2 min read

The tax-law scholar talks to Michael E. Hartmann about the excise tax on investment income in higher education and whether its underlying reasoning could perhaps also apply in other nonprofit contexts.

Earlier this year, Pepperdine Law Review published Jennifer Bird-Pollan’s “Taxing the Ivory Tower: Evaluating the Excise Tax on University Endowments,” which caught our attention here at The Giving Review. The Tax Cuts and Jobs Act of 2017’s first-time excise tax on the investment income of certain college and university endowments, she writes in the article, “is a first step towards the exploration of taxing non-profit entities on the vast sums of wealth they hold in their endowments.”

Later, Bird-Pollan asks, “Why are we focused only on universities?” Hence our attention.

Bird-Pollan is the associate dean of academic affairs and the Judge William T. Lafferty Professor of Law at the J. David Rosenberg College of Law at the University of Kentucky. She teaches tax-law courses and studies intersections of tax law and philosophy.

She earned her law degree from Harvard, a Ph.D. in philosophy from Vanderbilt, and her bachelor’s degree in philosophy and French from Penn State. Before law school, she taught philosophy courses at Vanderbilt and Harvard. Before coming to Kentucky, she practiced tax law at Ropes & Gray in Boston.

Bird-Pollan was nice enough to join me for a conversation last week. The just more than 13-minute video below is the first of two parts of our discussion; the second is here. In the first part, we talk about the excise tax on investment income in higher education and whether the reasoning underlying it could perhaps also apply in other nonprofit areas.

Bird-Pollan and Hartmann

“It is the first time that we see Congress willing to look at the endowment of a big nonprofit and think about it as potentially subject to tax,” according to Bird-Pollan. “If you think back to what a nonprofit looked like 50 years ago or maybe even shorter—I may only have to look back 20 or 30 years—the dollar amounts are just dramatically different from some of the dollar amounts” now.

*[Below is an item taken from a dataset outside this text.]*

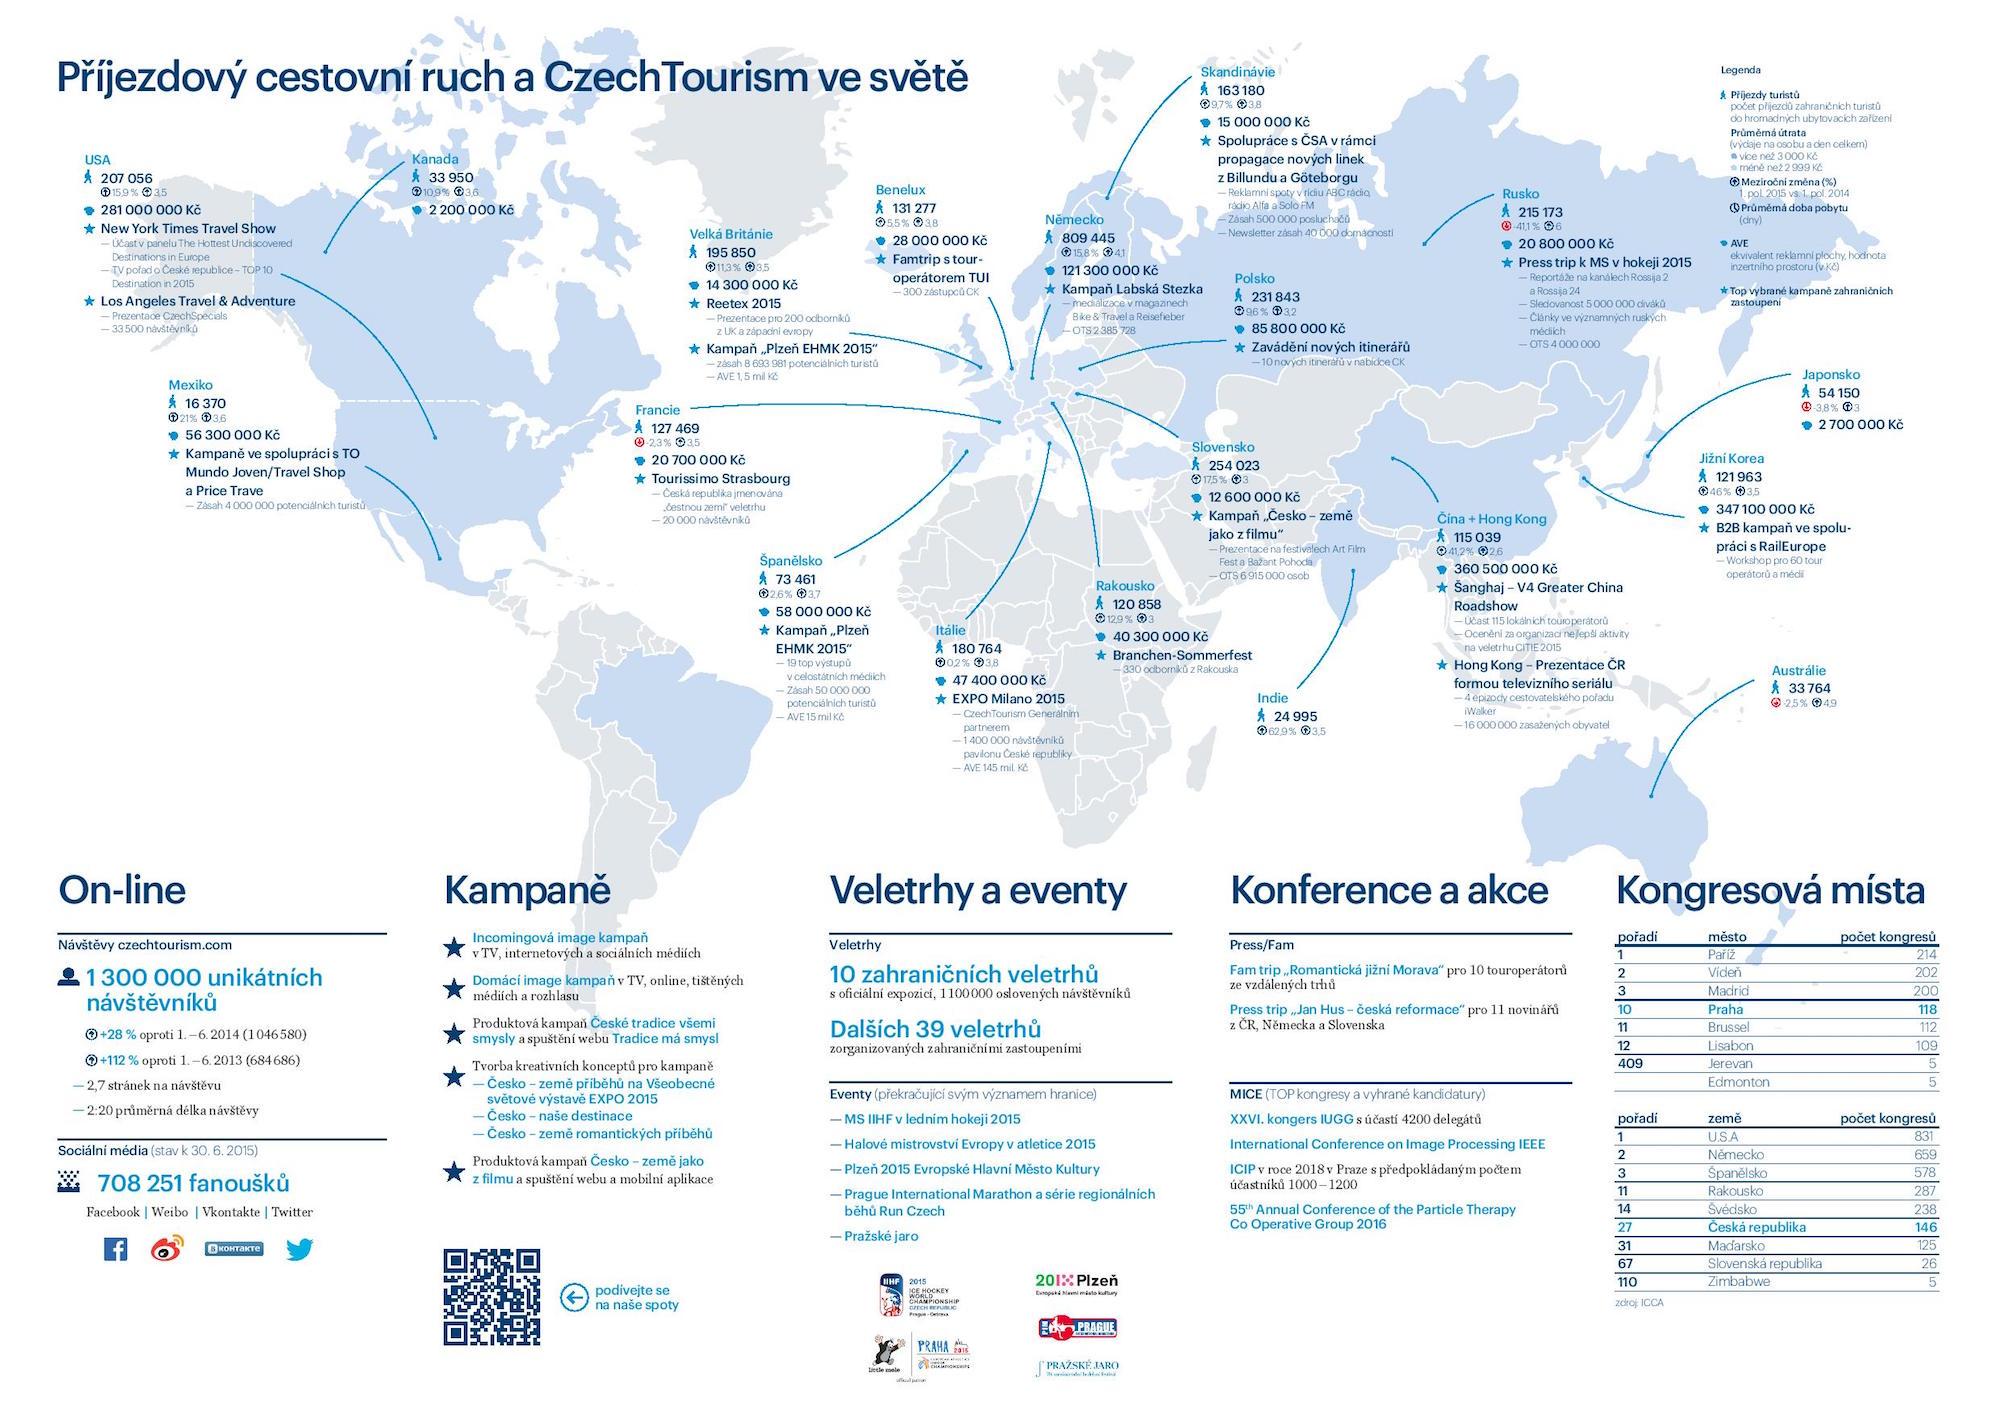 Aktivity CzechTourismu za 1. pololetí 2015: příjezdový cestovní ruch

“People always looking for where can we get additional tax revenue,” she says, but

if you wanted to question what is the justification for nonprofits in the first place and then you see nonprofits that are accumulating significant amounts of wealth, I think it raises in some people’s minds the question of whether this is consistent with what we meant when we said this is a nonprofit that ought to be eligible for an exemption from income tax.

As for specific contexts other than higher ed, “the universities that we’re talking about are all public charities, so they’re not subject to the private-foundation rules, which require basically a distribution of a certain amount,” Bird-Pollan notes. “So in a certain sense, the public charities maybe felt like an easier target because they could accumulate without a minimum requirement of distribution and the private foundations, they have to be spending something … in order to continue to qualify and in order to get tax exemptions.

“But sure,” she continues,

if you thought that certain kinds of foundations were growing too large, you could say above a certain threshold, maybe the spending requirement goes up and we tax you if you don’t spend at least 10% or 15% or something like that, instead of just the five percent. … I think you could absolutely apply similar kinds of reasoning to foundations.

In the conversation’s second part, Bird-Pollan talks about more about applying the reasoning underlying the excise tax on higher-education endowments to foundations, along with the potential for a cross-ideological coalition to back philanthropy reform and the real-world ramifications of such reform.